Greenaway: "L'Apocalisse? È fatta di ombre e speranze"

Il regista e pittore è a Spoleto con un'installazione (areligiosa) firmata con la moglie Saskia Boddeke

Greenaway: "L'Apocalisse? È fatta di ombre e speranze"

Nasce pittore, e continua a considerare la pittura l'arte somma. Di fatto, Peter Greenaway (Newport, 1942) è regista con pochi pari. O meglio. È inutile tentare paragoni. Sfugge a ogni classificazione questo maestro dell'immagine, ostile alla dittatura del testo e allo strapotere degli attori.

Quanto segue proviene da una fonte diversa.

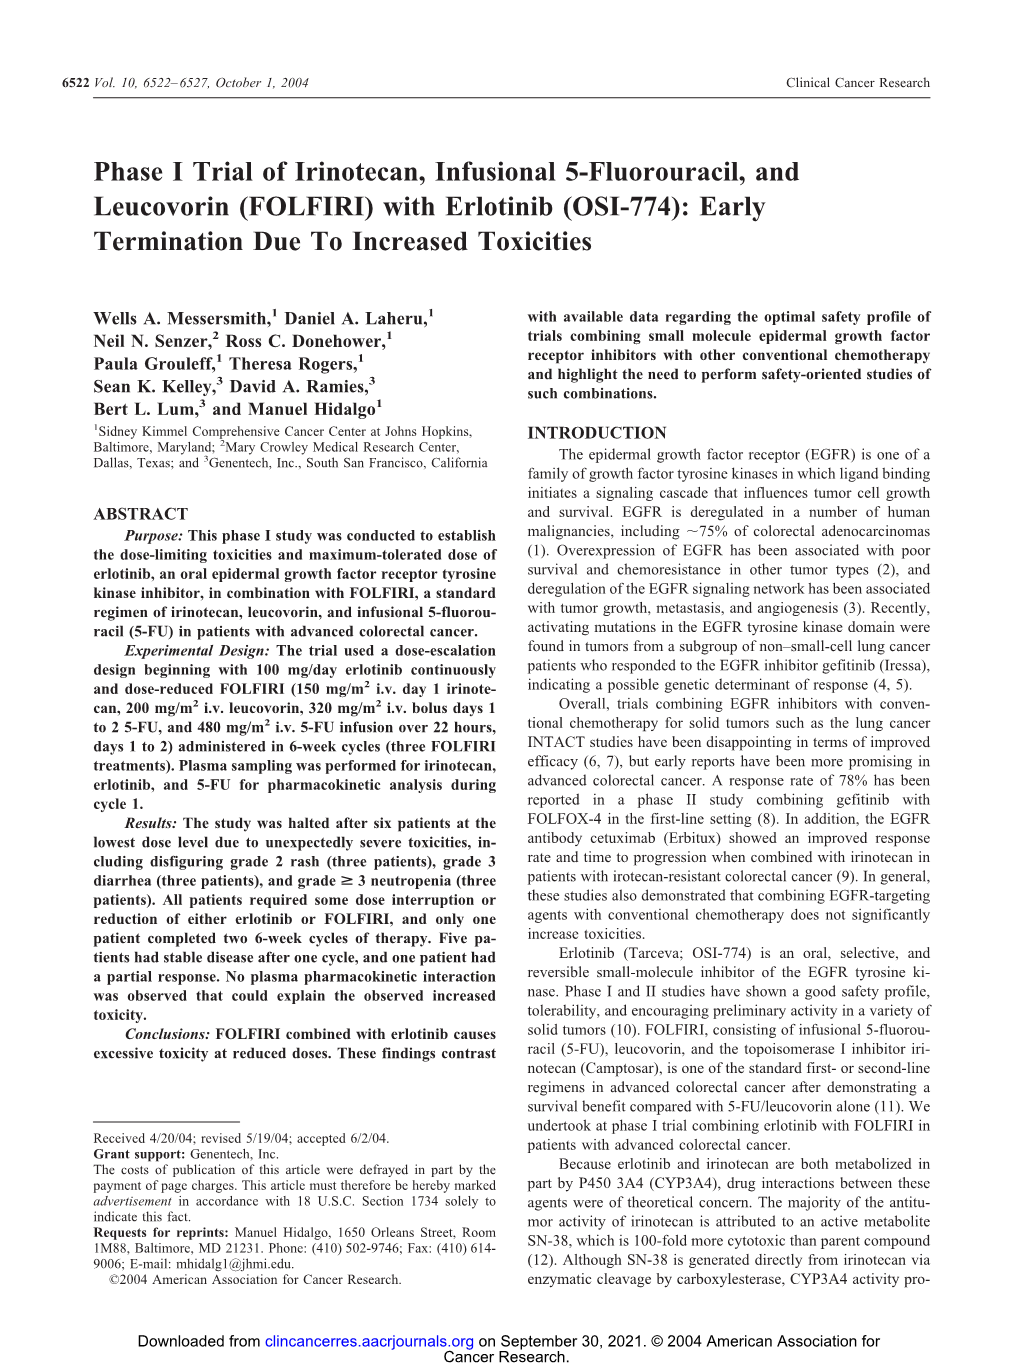 FOLFIRI) with Erlotinib (OSI-774): Early Termination Due to Increased Toxicities

Lo abbiamo incontrato a Spoleto, fra i protagonisti della sessantesima edizione del Festival dei 2Mondi. Carla Fendi, storica mecenate della manifestazione, aveva affidato a lui e alla moglie Saskia Boddeke il secondo atto del progetto Genesi - Apocalisse, la prima illustrata da Sandro Chia e la seconda, appunto, affidata ai Greenaway. Che hanno firmato un'installazione centrata sui quattro Cavalieri dell'Apocalisse. Cavalieri e cavalli dipinti da Greenway in persona, galleggianti in un mare di lacrime, fra valigie intinte del sangue delle guerre, lacci che violano la libertà, un pugno di sale come unica risorsa dopo lunga carestia. In una stanzetta riposa Dio che ha orecchi solo per una fanciulla: la Speranza. Mele ovunque. «Rappresentano la conoscenza: il bene più prezioso che l'uomo abbia, senza di essa come possiamo scegliere? È un diritto imprescindibile» rimarca la Boddeke, atea come il marito.

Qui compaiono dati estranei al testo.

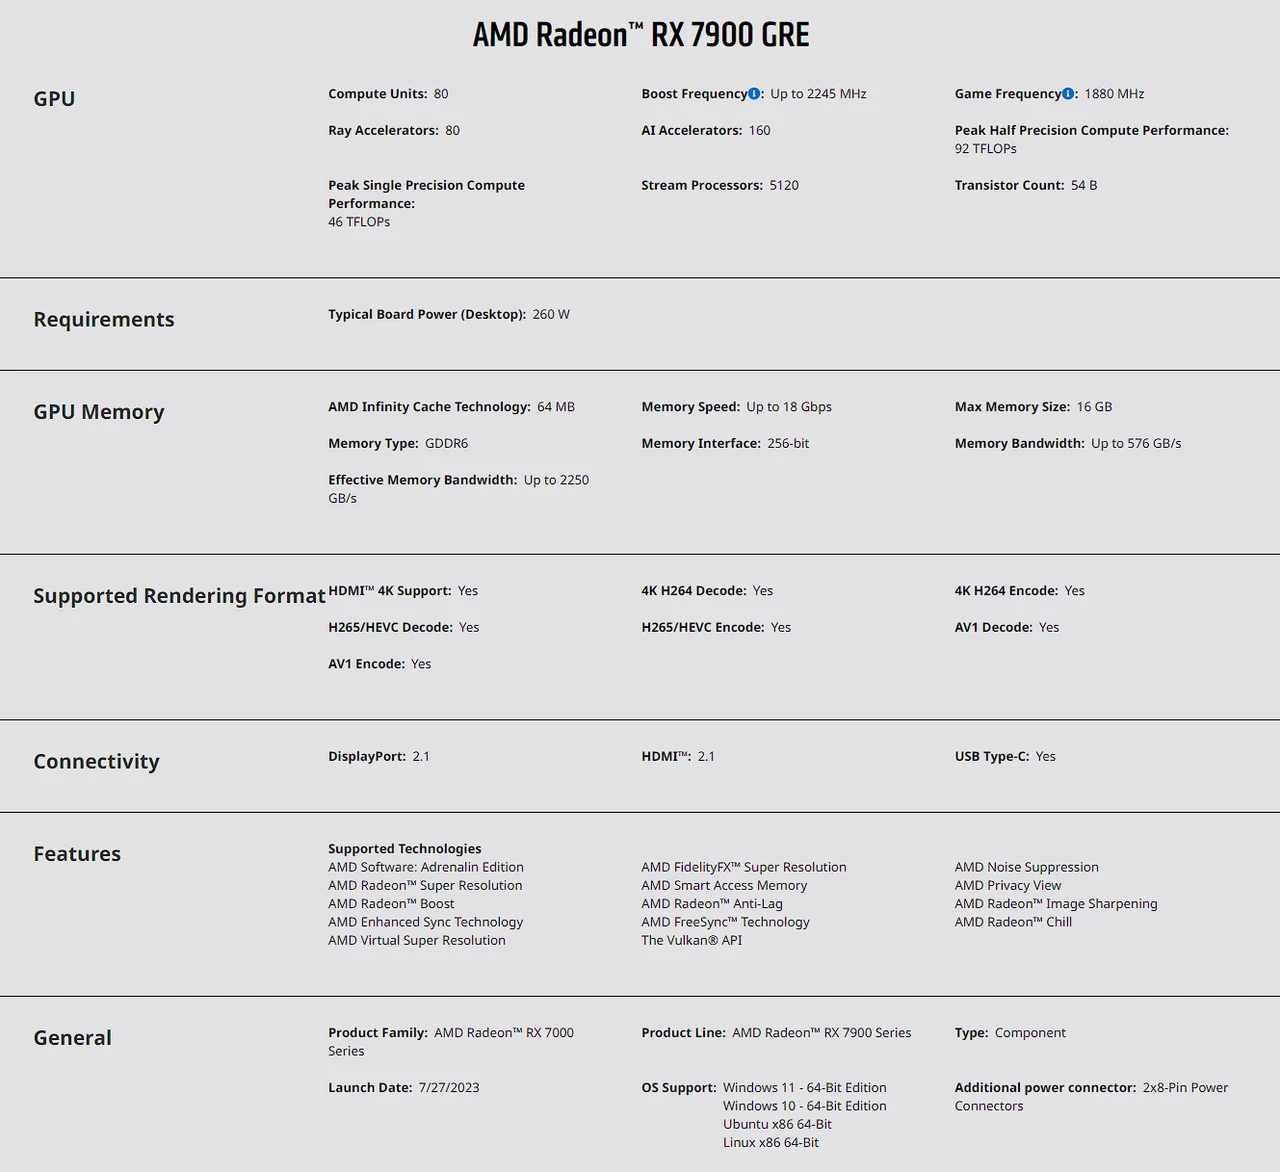 AMD Radeon RX 7900 GRE specifications

L'installazione, del resto, è areligiosa, spiega la coppia all'unisono. Un duo d'opposti: donna istintiva e di passioni Saskia, sarcastico, tagliente e squisitamente intellettuale Peter. «Non ci siamo rifatti a nessun principio religioso - continua lui - Sono partito da un presupposto: lo stato naturale dell'uomo è di pace e di amicizia. Si nutre di speranze ed è per questo che sopravvive». Ma lui, genio ribelle, è in pace con se stesso? «Non siamo artisti tormentati», interviene prontamente Saskia. Lui è meno convinto, ammette che l'essenza di un artista sta nel conflitto con sé: «Abbiamo una parte all'ombra e l'altra al sole, un lato è intellettuale e l'altro emozionale, può innescarsi un confitto fra notte e giorno. La chiave di volta sta nel trovare un equilibrio: la grande opera d'arte è quella che riesce a far dialogare l'ombra con la luce». L'installazione porta alla ribalta uno dei temi cari a Greenaway, la morte. «Sono solo due le cose di cui veramente si può parlare, l'una è il sesso e l'altra è la morte. Li troviamo al principio e alla fine dell'esistenza. Non ci sono religione e forme di conoscenza che prescindano da questa cosa imponderabile. La vita è regolata dal sesso e dalla morte, il mio stesso mestiere si sostanzia di questo». A suo tempo, Greenaway non mancò di tracciare un quadro impietoso dell'Inghilterra thatcheriana, esemplarmente ne Il cuoco, il ladro, sua moglie e l'amante. Rifarebbe un film sull'Inghilterra di oggi? «Sono inglese, ma non per questo sento di dovermi occupare per forza del mio Paese. Però se leggete il testo dell'installazione, vedrete che non mancano i riferimenti alla situazione politica di oggi». E cita l'America di Trump.

Greenaway è in Italia anche per seguire l'esposizione a Casa Manzoni di Milano dedicata al pittore Giancarlo Vitali. Poi tornerà in settembre, perché dall'11 riprende a girare il suo ultimo film, Walking to Paris. Mentre in novembre uscirà un docufilm su di lui. Se ne occupa la moglie. Mancano soltanto riprese nel nativo Galles, poi è fatta. Si entra nel privato di quest'uomo di cui conosceremo lati ignoti, assicura la moglie. Lo vedremo anche nel ruolo di padre: di Pip, una ragazza di 16 anni «che Peter ha educato partendo dalle lettere dell'alfabeto», spiega la moglie. A come Amsterdam, dove vive. A come Arte... e così via. «Ai bambini si insegna a leggere e scrivere, mai a leggere le immagini» è il mantra di Greenaway che alla figlia ha voluto insegnare proprio questo. Si documentano lati nascosti di un artista dalla personalità sfaccettata, «affascinante, speciale ma credetemi: complicata» ancora la moglie.

«Un genio troppo grande per essere compreso da un'adolescente, quando nostra figlia sarà grande, e rivedrà il film, avrà gli strumenti per capire chi è stato papà. Io stessa riesco meglio a capire il suo modo di esprimersi come artista».